The statistical model is a Point Process. The events occurring a split into two classes:
This model fits the theoretical pattern of e.g. burglaries whereby a single perhaps "random" event can then lead to repeat events at the same or similar location.
Further readings:
We work with events occuring in two dimensional space, at coordinates $(x,y)$, and at time $t$. Somethings with think of time as being special, and so a different dimension, and some times we just think of a three dimensional point process in coordinates $(x,y,t)$.
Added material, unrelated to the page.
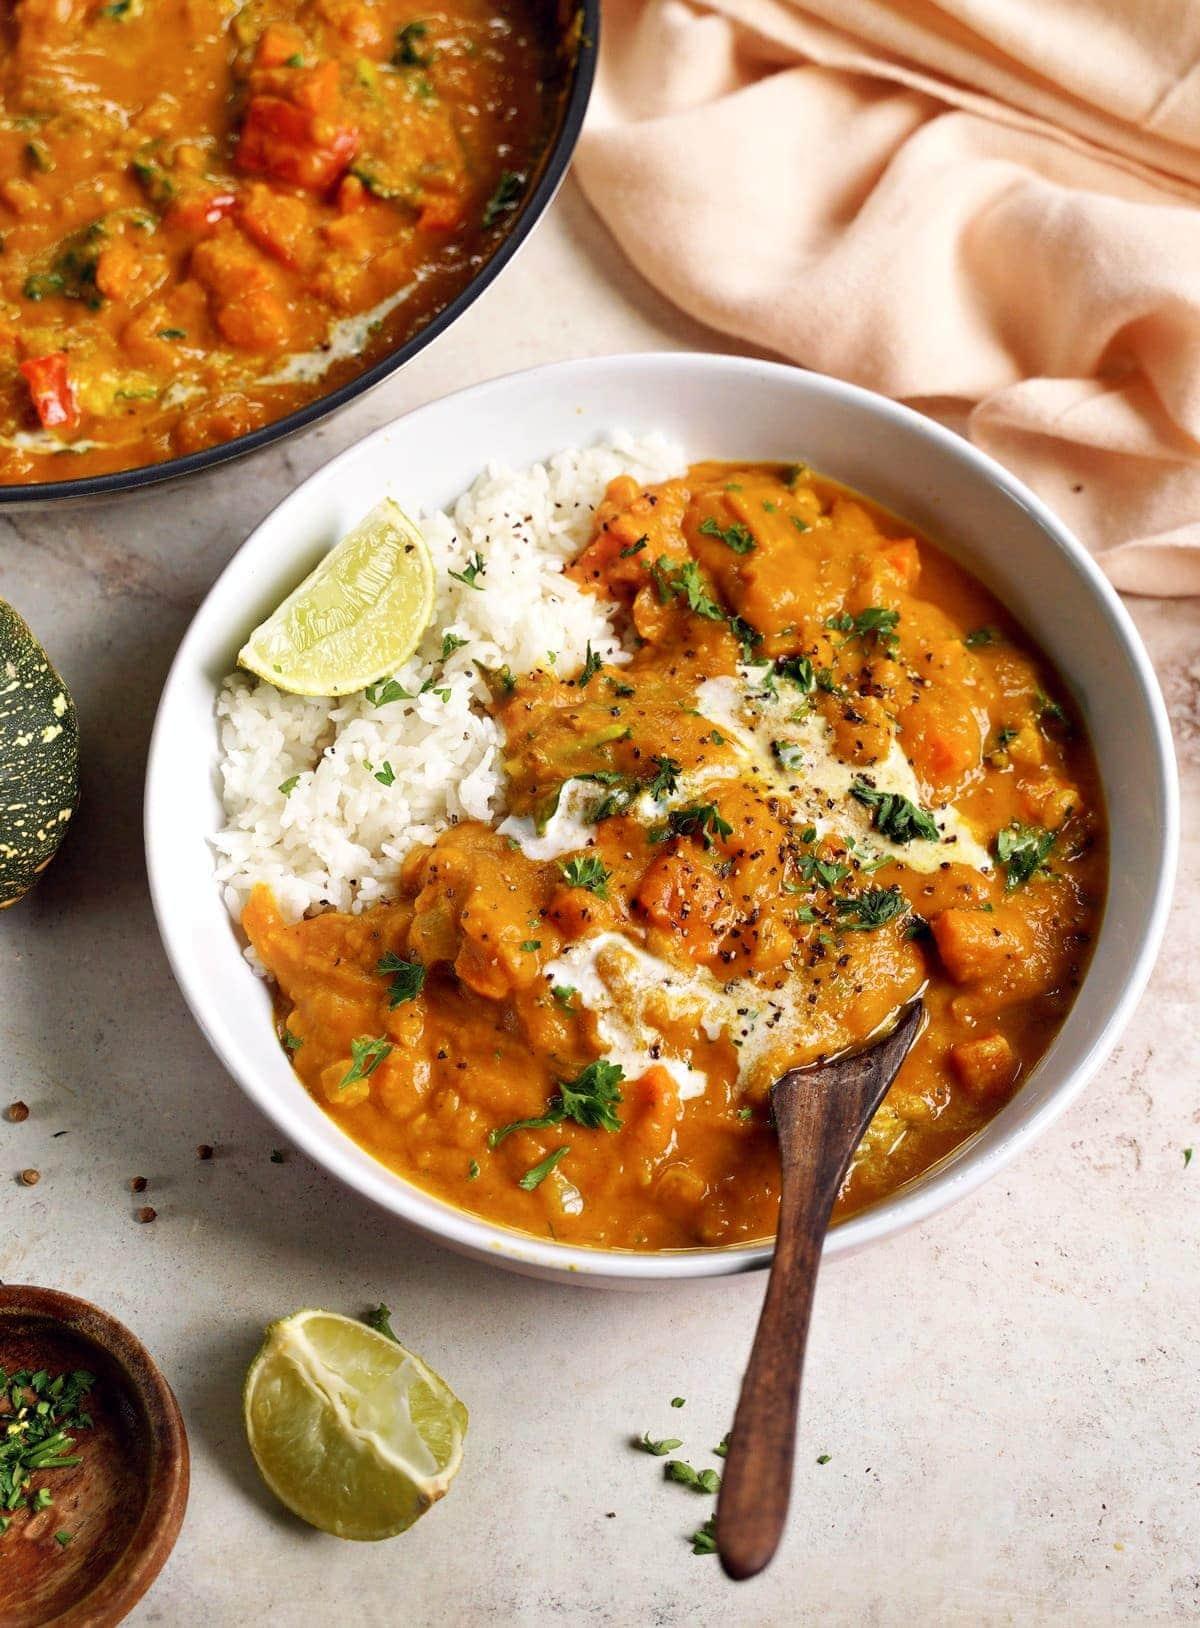 Kürbis-Curry mit Reis in Schale von der Seite

We let $\lambda(x,y,t)$ be the "conditional intensity" of the point processes. This is defined to be the expected number of events seen in a small region about $(x,y,t)$, divided by the volume of that region, in the limit as the size of the region tends to 0. Intuitively, a larger intensity means that we are more likely to see events near $(x,y,t)$.
(An intuitive view of probability is the Frequentist viewpoint. If you roll a dice repeatedly, then the statement that the probability of getting a 3 is 1/6 means that, over a large number of repeated trials, you would expect to see the outcome of the dice landing on 3 about 1/6 of the time. I find it quite hard to an iterpretation of a point process where the random occurrences of past events changes the intensity function, within this framework, because it seems difficult to say exactly what "repeating the process" would mean. Of course, in the mathematical axiomatisation of modern probability theory, there are of course existence theorems for all the models we will study.)
Our model gives $\lambda$ in the following form. Let $(x_i,y_i,t_i)$ be the events. Then
\begin{equation} \lambda(x,y,t) = \nu(t)\mu(x,y) + \sum_{i : t_i<t} g(t-t_i, x-x_i, y-y_i). \tag{eq:1} \end{equation}Let us explain the two parts:
The sum is taken over all events which occurred before the current time.
The original Hawkes process, and self-exciting points processes as used in Earthquake research, are often Parametric in nature, the underlying form of the functions $\nu, mu$ and $g$ coming from theory.
An alternative is to take a Non-Parametric viewpoint, and estimate the functions using a kernel density estimation (KDE). This is the approach taken by (1), where a variable bandwidth DKE is used. Except the following quote from (1) must be made (page 104):
... we find that for predictive purposes variable bandwidth KDE is less accurate than fixed bandwidth KDE. We therefore estimate $\mu (x,y)$ in Equation (10) using fixed bandwidth Gaussian KDE.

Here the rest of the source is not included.